Здешняя церковь удивляет излишней красочностью фресок. Их цветовая насыщенность открыто враждует с выразительным безмолвием камня. В самых холодных недрах дворца стоит Усыпальница кастильских королей, и мне жутко от мысли, что вот здесь, в полумраке, истлевает королевская плоть. Я облегченно вздыхаю, входя в покои Филиппа. Однако и тут все убранство отмечено знаком застарелой печали. С волнением я прикасаюсь к странно обмякшим креслам, подхожу к столику, за которым решались судьбы Латинской Америки.

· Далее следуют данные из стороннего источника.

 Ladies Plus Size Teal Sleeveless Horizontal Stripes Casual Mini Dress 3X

Сердце учащенно стучит возле королевского ложа: здесь безжалостная болезнь -- рак -- терзала, грызла коронованного человека, и он собственными глазами видел, как изо дня в день, точно вода в цистерне, -- убывает его плоть. Ему дали ужасное прозвище -- "Полуденный Дьявол", с той обычной неточностью, какая присуща ненависти, изначально готовой к скороспелым дефинициям.

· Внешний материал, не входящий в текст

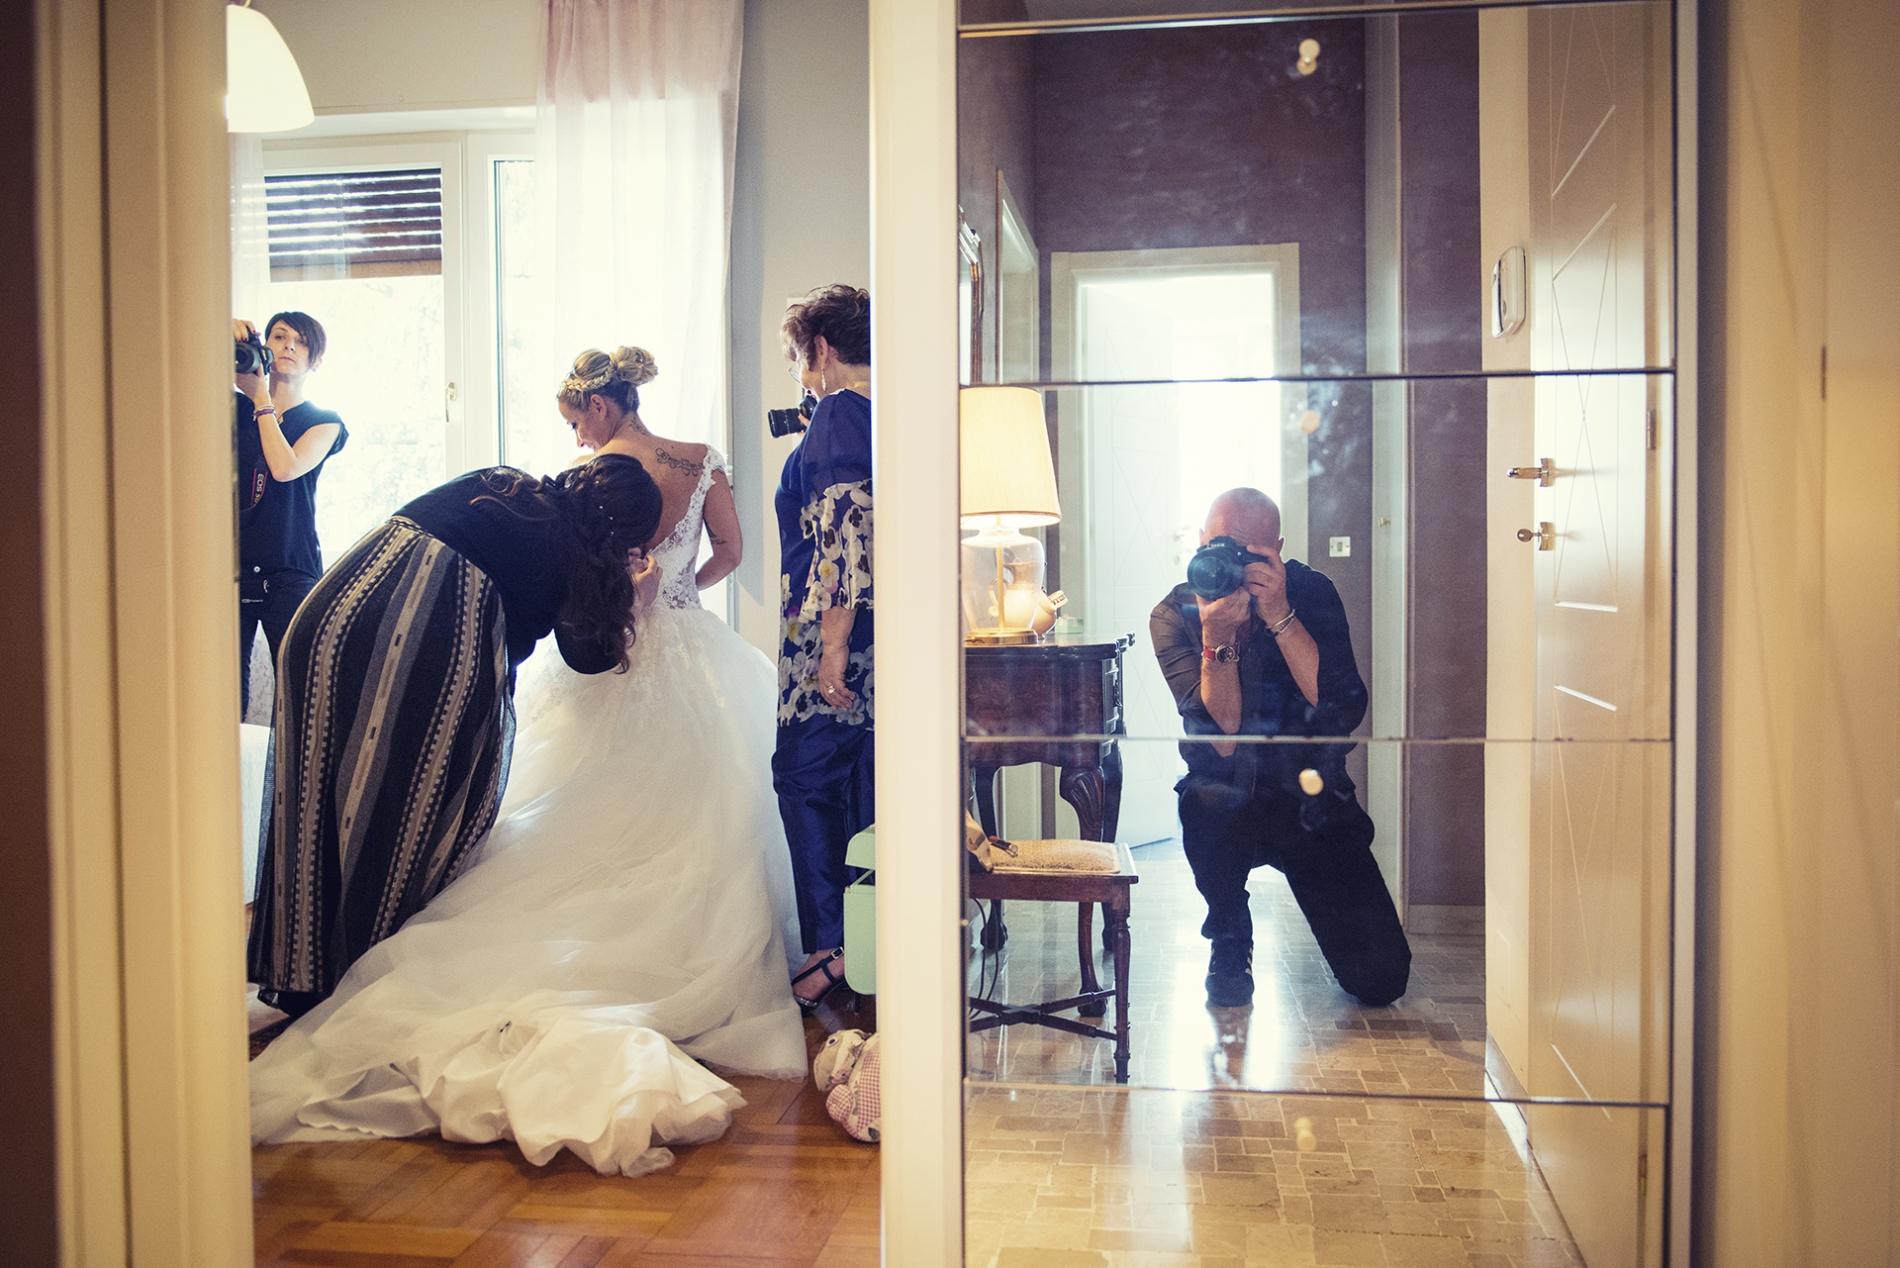 Milano Milano photographe travaillant à un mariage.

Человек, которого прозвали "Полуденным Дьяволом", был медленным и редкостно терпеливым. Он презирал в себе распутника и мучился угрызениями совести. Он жег на кострах еретиков, твердо уверовав, что огонь высвобождает их души из-под власти разума, в который впивается занозой страшное заблуждение. Будучи человеком мрачным, он исключил из своего повседневного чтения Книги Притчей с их жизнеутверждающим христианством. И миллионы часов, прожитые без единого промелька радости, отравили ему кровь.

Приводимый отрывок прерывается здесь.